1.1 Childhood maltreatment, emotional abuse, and its clinical fallout in adolescence

Adolescence represents a particularly vulnerable phase for survivors of childhood maltreatment due to the myriad of challenges and susceptibilities that coincide with the transition into adulthood. During this period, those who have experienced childhood maltreatment are at heightened risk for numerous adverse outcomes, including delinquency, becoming a victim or perpetrator of violence (1922), engaging in high-risk sexual behaviors leading to pregnancy (1923), substance abuse (2325), academic failure (26), and a range of psychological issues (27, 28).
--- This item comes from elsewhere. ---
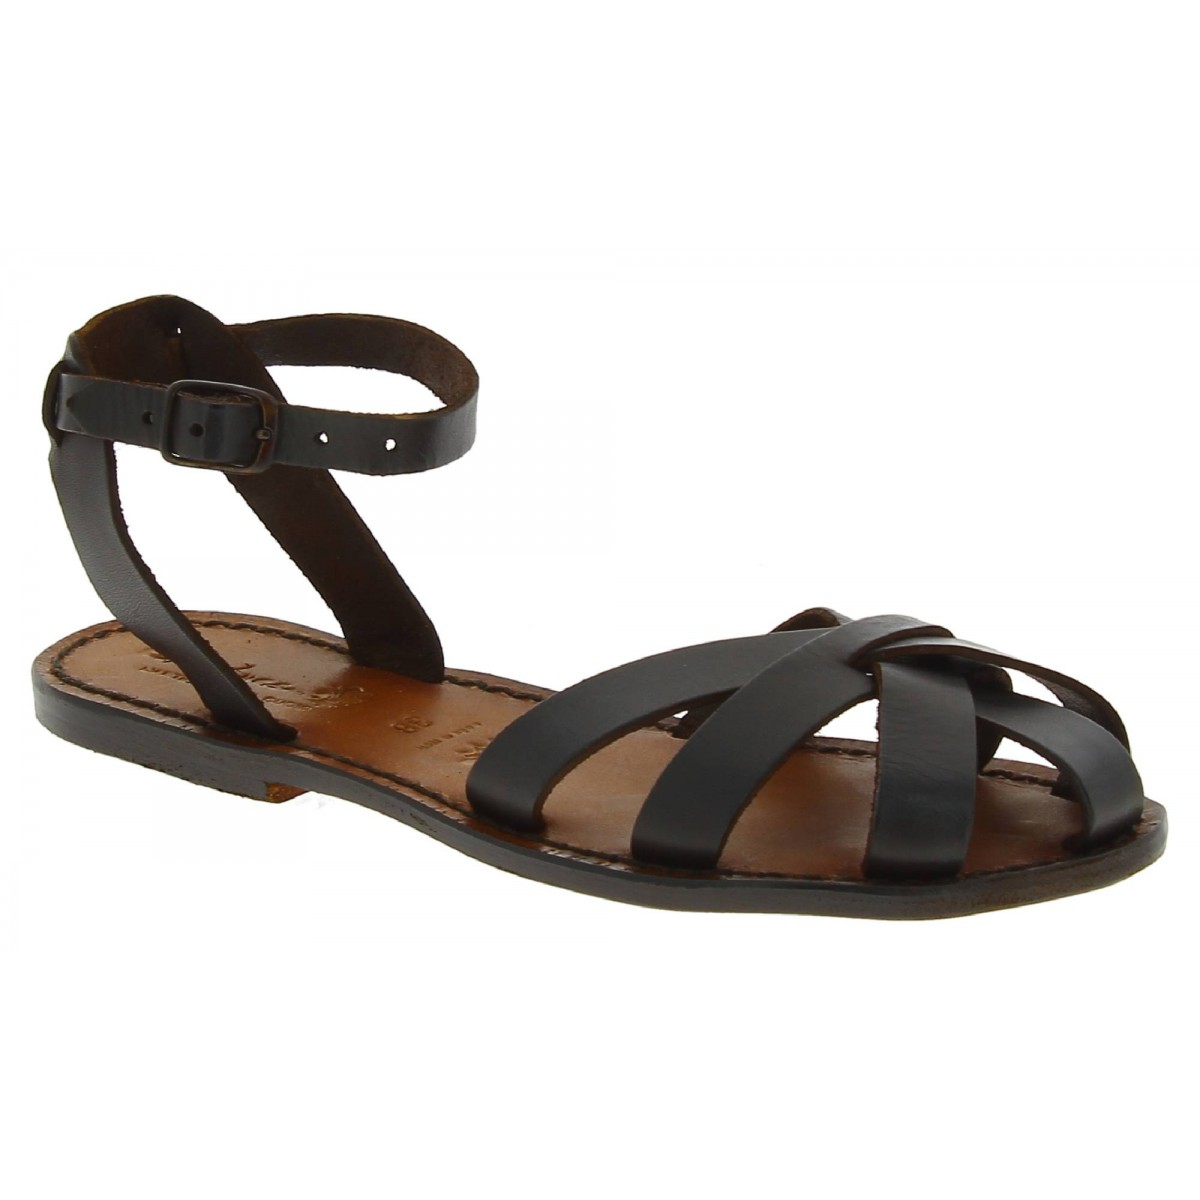 b363a42999dbf2 Handmade dark brown flat sandals for women real italian leather. Loading  zoom

A deeper exploration is required to understand the maltreatment-related dispositional vulnerabilities in PO that elevate the risk of these negative trajectories during adolescence.

Recent research indicates that CEA can have particularly detrimental effects on the development of self-capacities and personality, further correlating with a heightened probability of personality pathology in both adolescents and adults. Notably, CEA has been linked to features of borderline personality in adolescents (2932) and in adults (33, 34), especially when CEA interplays with inherent temperamental vulnerabilities (29, 31). Strikingly, individuals diagnosed with borderline personality disorder (BPD) are almost 14 times more likely to disclose experiences of childhood maltreatment in comparison to non-clinical counterparts, with CEA and neglect being the predominant forms reported (35). A staggering 84% of those with BPD recall instances of neglect and CEA before reaching the age of 18 (35). Another concerning observation is that adolescents who engage in Non-Suicidal Self-Injury (NSSI) consistently report higher levels of maltreatment compared to their healthy peers (36). Among various forms of maltreatment, CEA and neglect appear more closely tied to self-harm than physical or sexual abuse. Amplifying this concern, a meta-analysis conducted by (37) established a significant association between childhood maltreatment and elevated impulsivity levels, with CEA demonstrating the most profound effect size.

Preliminary research suggests that PO mediates the relationship between CEA and symptoms of borderline personality disorder (9). Yet, significant knowledge gaps persist concerning the impact of CEA on PO in adolescents, as well as the potential role of mentalizing.

1.2 Personality organization

Building on enduring theories around the development of PO and personality disorders (38), there has been a notable shift from categorical perspectives on personality pathology toward dimensional models that emphasize self and interpersonal capacities. This dimensional approach to personality disorders has been incorporated into the Alternative Model for Personality Disorders in the fifth edition of the Diagnostic and Statistical Manual of Mental Disorders [DSM-5; (4)] and the 11th edition of the International Classification of Diseases [ICD-11; (39)]. Within this framework, personality disorders are characterized by structural impairments in self and personality functioning (40). Moreover, symptoms of personality disorders, such as self-harm, are perceived not merely as isolated behaviors, but as manifestations stemming from underlying personality vulnerabilities (9). There is a growing consensus that these dimensional models offer a more developmentally attuned and clinically pertinent perspective (2, 41, 42).

Rooted in psychodynamic object relations theory (43, 44), PO adopts a dimensional lens, focusing on intrinsic psychological “structures” believed to underpin both typical personality functioning and personality pathology. At the heart of these structures are “internal object relations,” postulated to emerge in childhood from the amalgamation of internalized representations of early interactions with attachment figures and the associated emotions triggered by such relations. As these patterns become increasingly ingrained over time, they lay the groundwork for a higher-order psychological structure termed “identity,” reflecting an individual's comprehension of self and significant others. Complementing this structure are other facets of personality organization, encompassing moral values, regulation of aggression, and reality testing. Disturbances in PO have shown associations with personality disorders in both adults [e.g., (45)] and adolescents (1, 46). On the healthier end of the PO spectrum, individuals exhibit cohesive identities, robust reality testing capabilities, well-developed moral systems, and minimal aggression. Conversely, those on the severe end are characterized by identity diffusion, compromised reality testing, weak moral foundations, and heightened aggression.

1.3 Mentalizing

Mentalizing is a multi-faceted socio-cognitive skill central to our understanding of ourselves and others, as well as our interpersonal interactions. By enhancing self-awareness and rendering the reactions of oneself and others comprehensible and foreseeable (47), mentalizing strengthens social bonds and attachment connections. Additionally, mentalizing aids in the physiological regulation of distress (11) and is linked to reduced cardiovascular response during attachment-related stress scenarios.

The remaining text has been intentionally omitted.